Searching for a laugh? Your sense of humor is about to explode with comedy inside. Prepare to witness the Best Laughs from Jokes ever.

Santa was busy in removing a wheel from auto,
Banta asks: Y r u removing a wheel from ur auto?
Santa: Can't u read 'Parking for two wheelers only'

Santa joined NASA. After one month the Americans had to change the name from

Santa apni girl friend ko I Luv U kehta hai aur gir jata hai.
Gal: Yeh kya kar rahe ho?
Santa: I'm falling in love.

Santa: Today is Sunday & I wanna njoy, so I bought 3 movie tickets
Jeeto: Why 3?
Santa: For you and your parents

Museum Administrator: That's a 500-year-old statue u've broken.
Banta: Thanks God! I thought it was a new one.

A man to Santa: Aao ji chess khelein
Santa: Tu chal mein sports shoes pehen kar aaya.

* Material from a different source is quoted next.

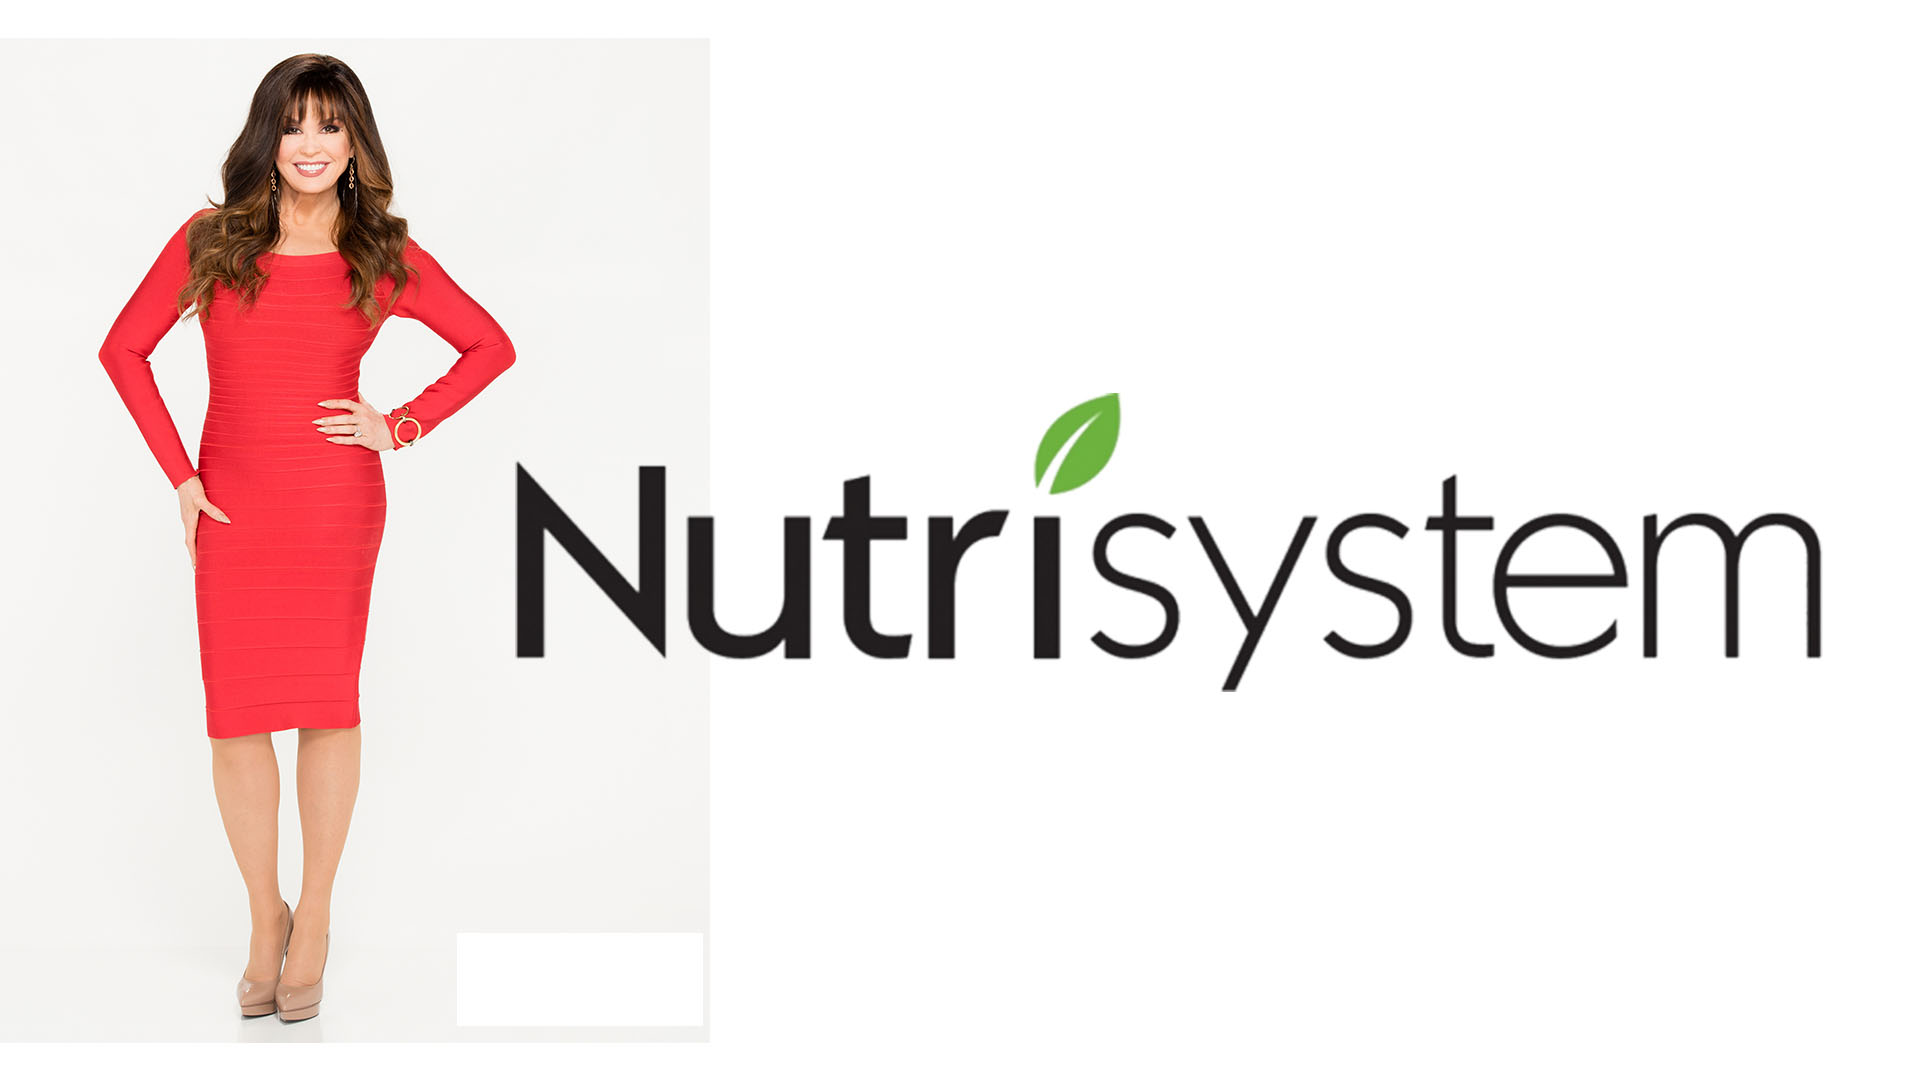 Nutrisystem Media Manager Featured Image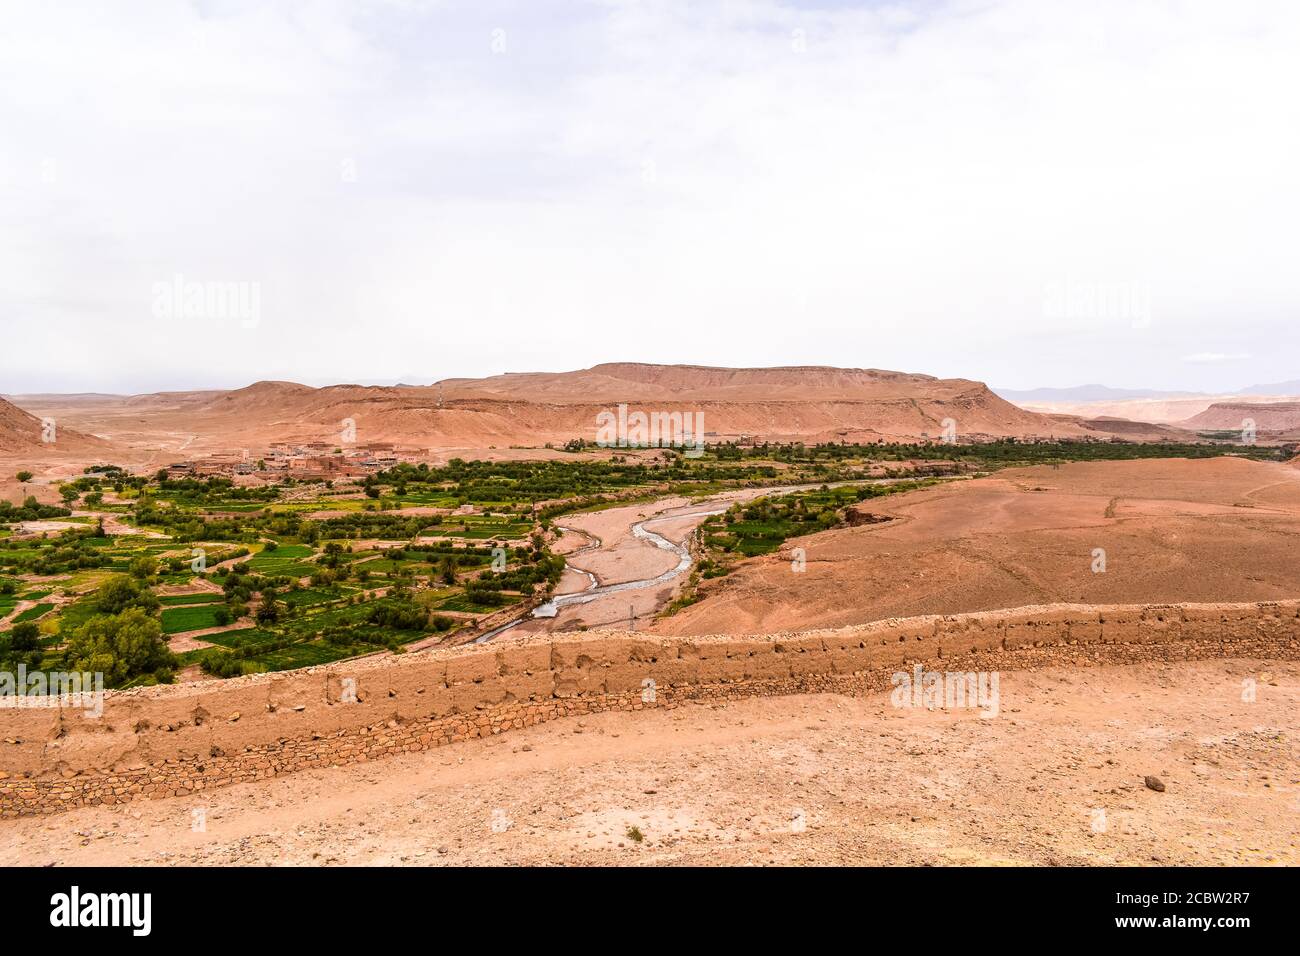 The view of the Ounila River from Ait Benhaddou Stock Photo

At the scene of an accident a man was crying: O God! I have lost my hand, oh!
Santa: Control yourself. Don't cry. See that man. He has lost his head. Is he crying?

In an interview,
Interviewer: How does an electric motor run?
Santa: Dhhuuuurrrrrrrrrr. ....
Inteviewer shouts: Stop it.
Santa: Dhhuurrrr dhup dhup dhup...

Santa was getting bitten by mosquitoes the whole night. He got
drank poison & said,
Ab kaato saalon, sab maroge!

Banta: U cheated me.
Shopkeeper: No, I sold a good radio to u.
Banta: Radio label shows Made in Japan but radio says This is all

Tourist: Whose skeleton is that?
Santa: Tipu's skeleton.
Tourist: Whose that smaller skeleton next to it?